EXERCISE INSTRUCTIONS: Your copy should match the listing word for word, apart from the pictures, which are left out.

GIVEN DATA:
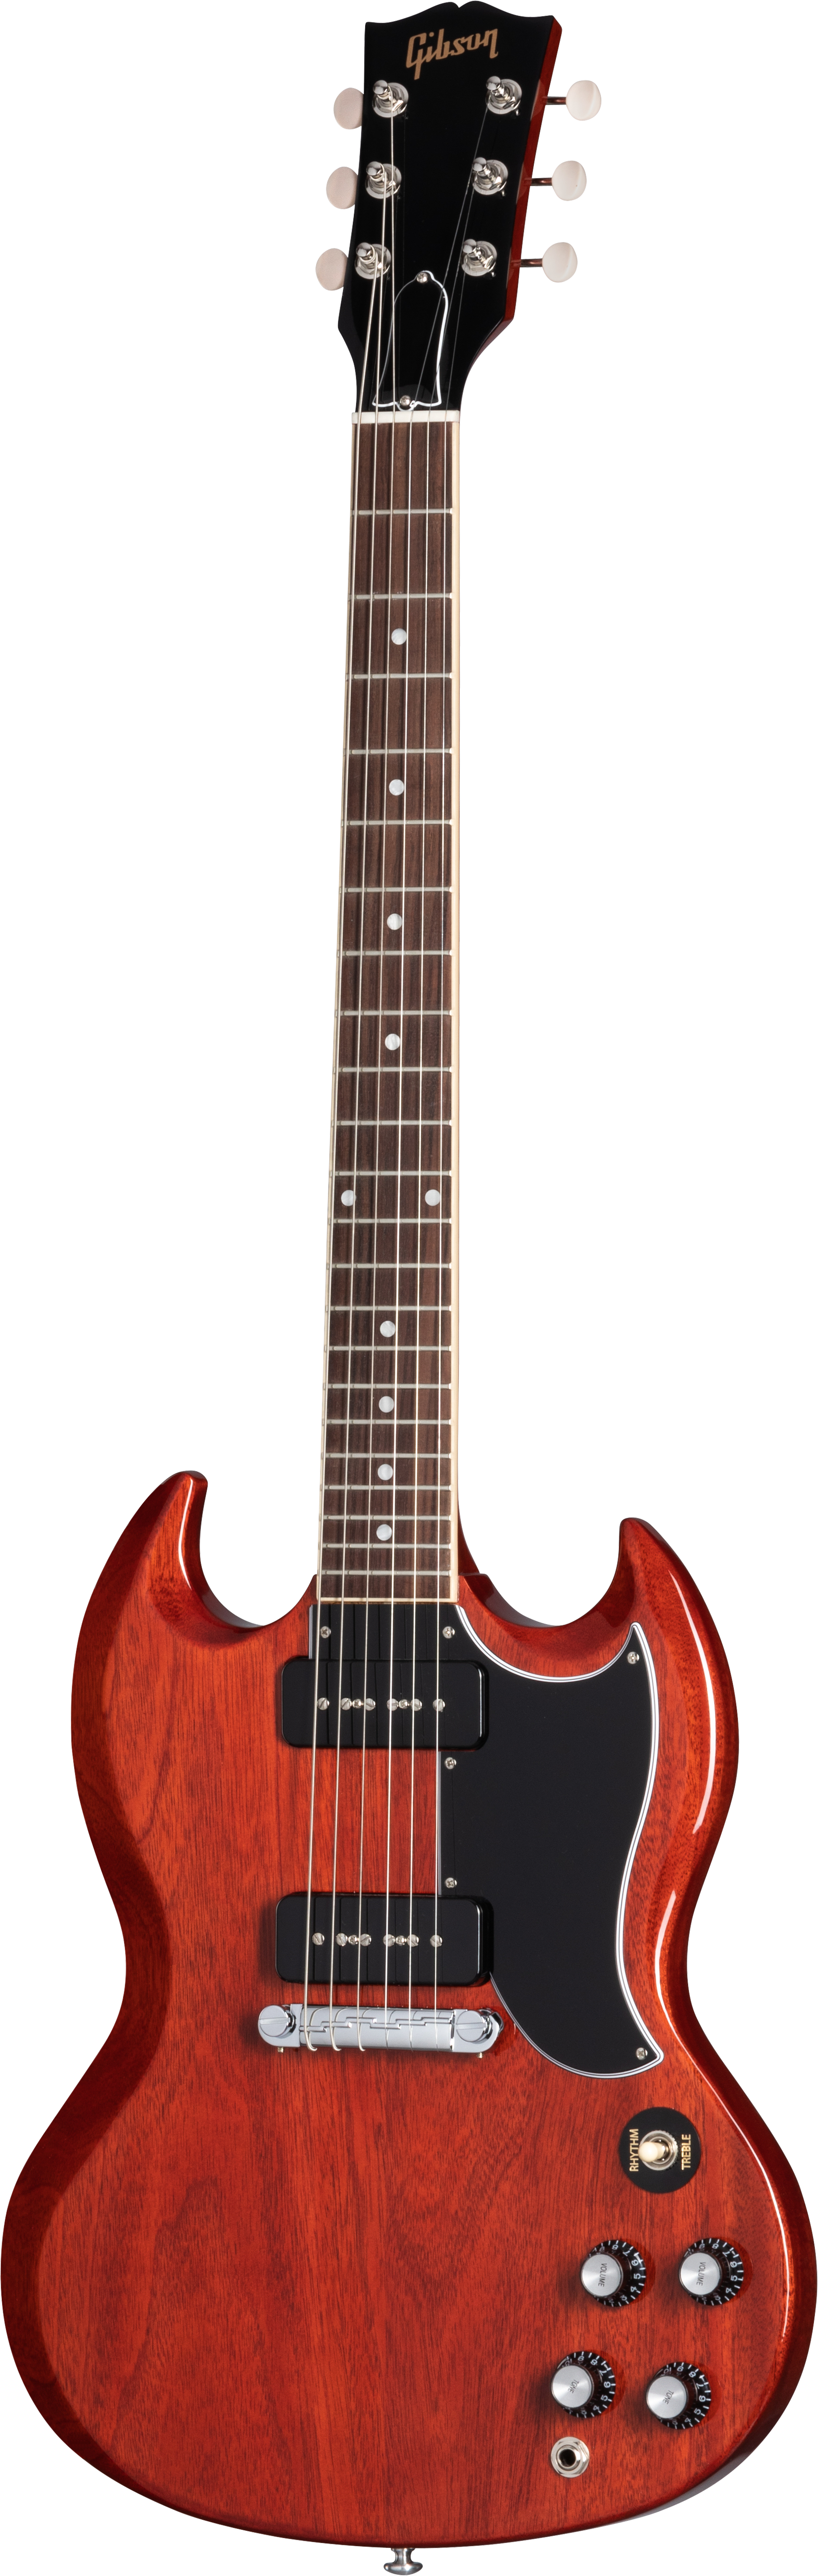 Full frontal of Gibson SG Special Vintage Cherry.
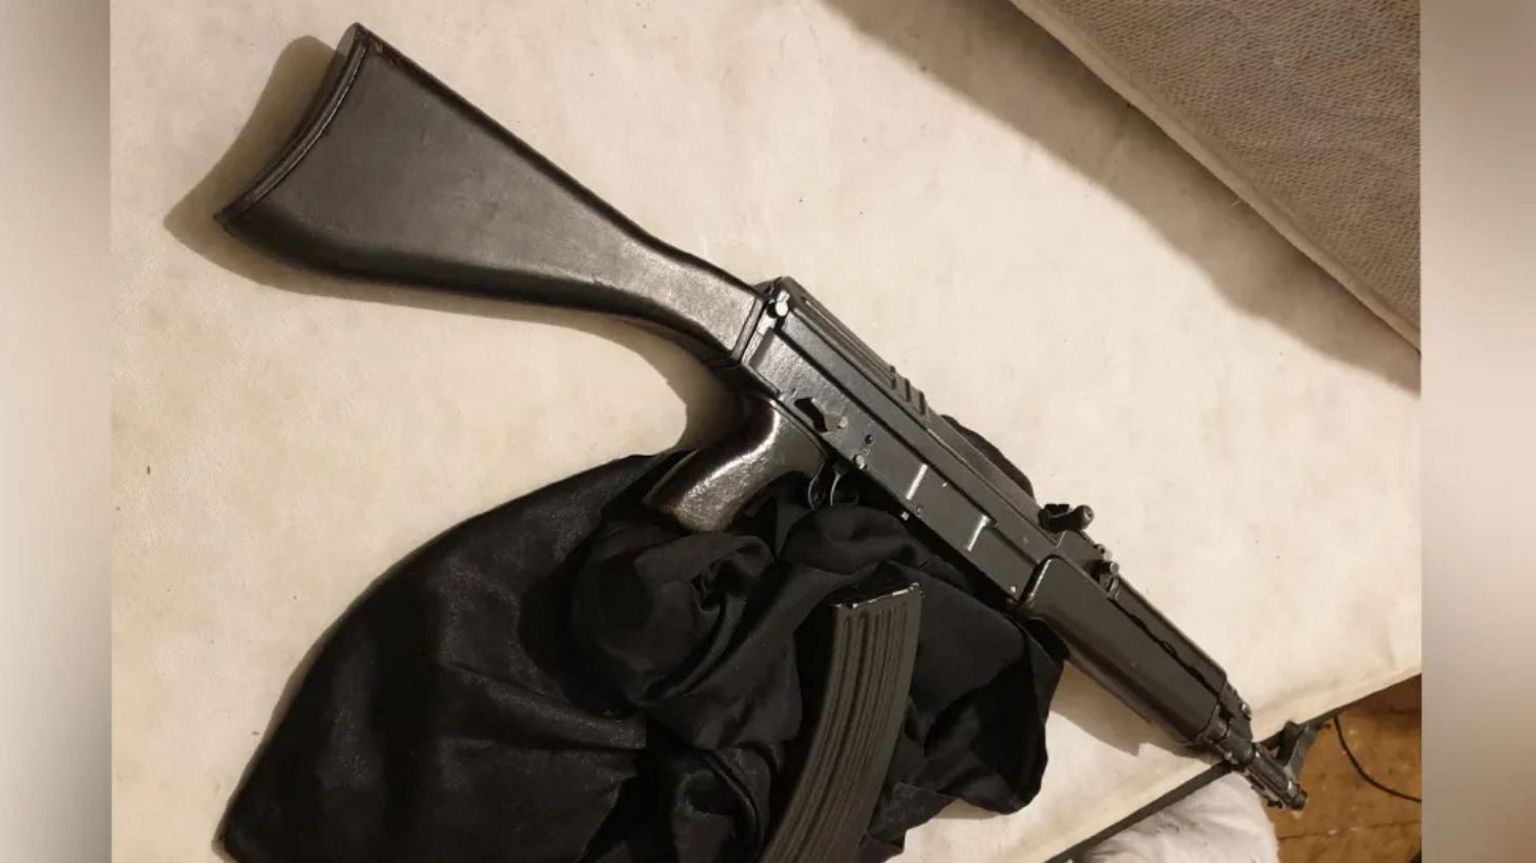 Assault rifle weapon recovered by police
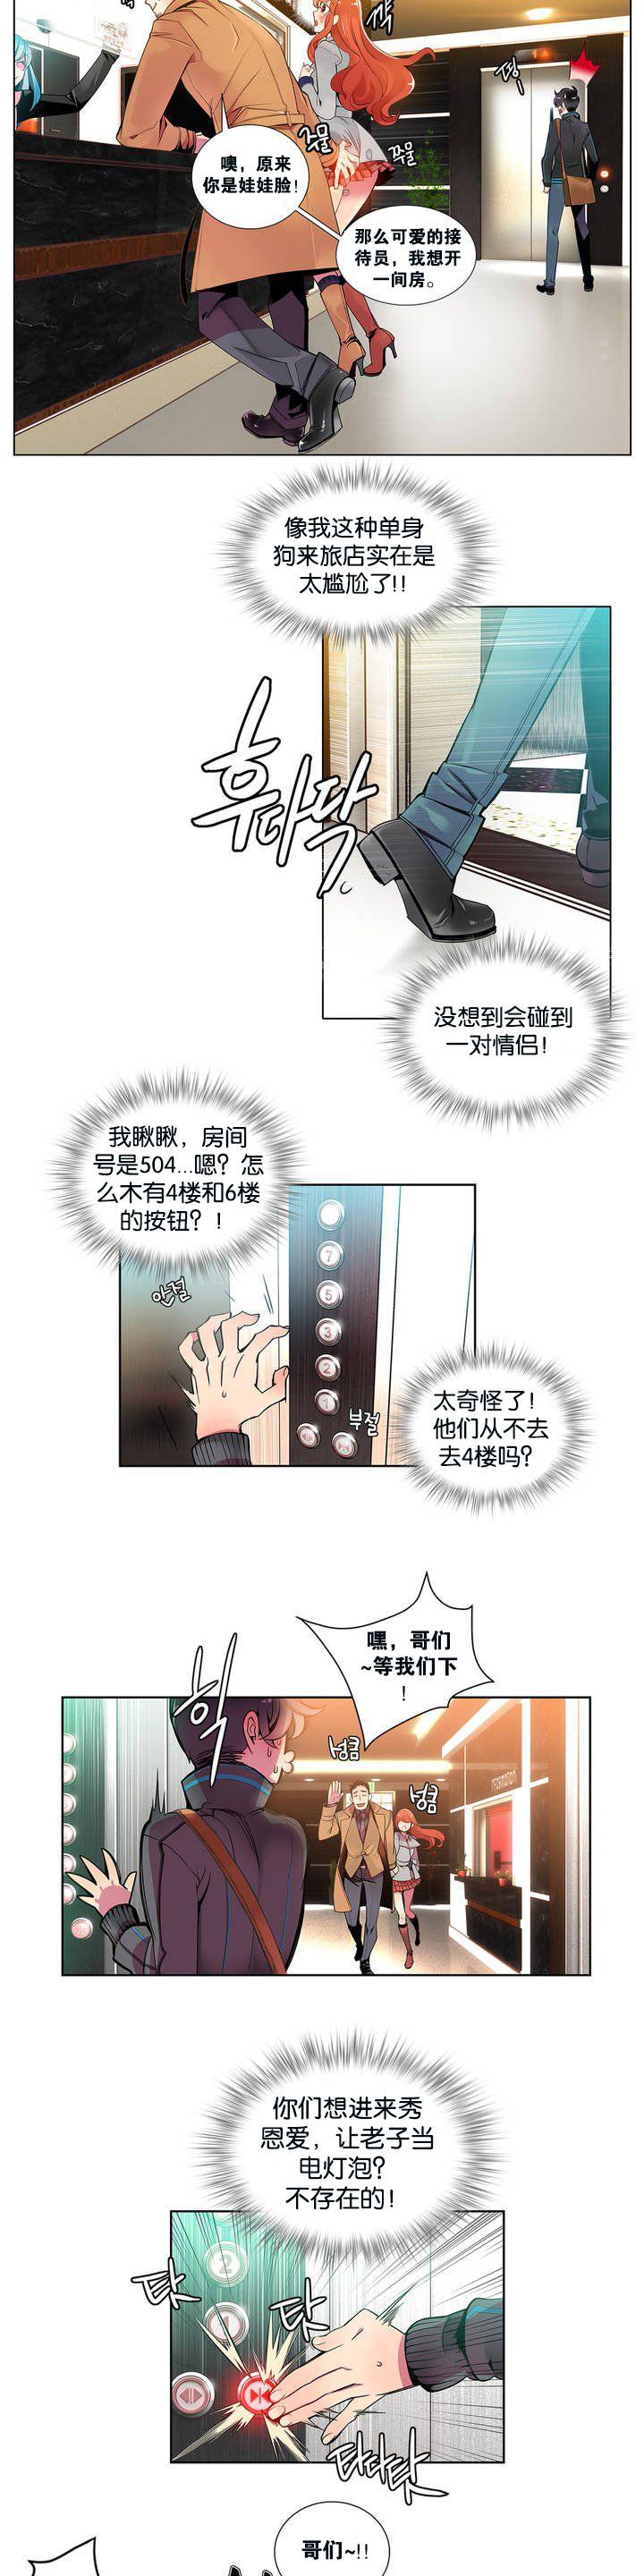 Family Taboo [Juder] 莉莉丝的纽带(Lilith`s Cord) Ch.1-15 [Chinese] Nena - Page 8

EXERCISE RESPONSE:
 Full frontal of Gibson SG Special Vintage Cherry.
 Assault rifle weapon recovered by police
 Family Taboo [Juder] 莉莉丝的纽带(Lilith`s Cord) Ch.1-15 [Chinese] Nena - Page 8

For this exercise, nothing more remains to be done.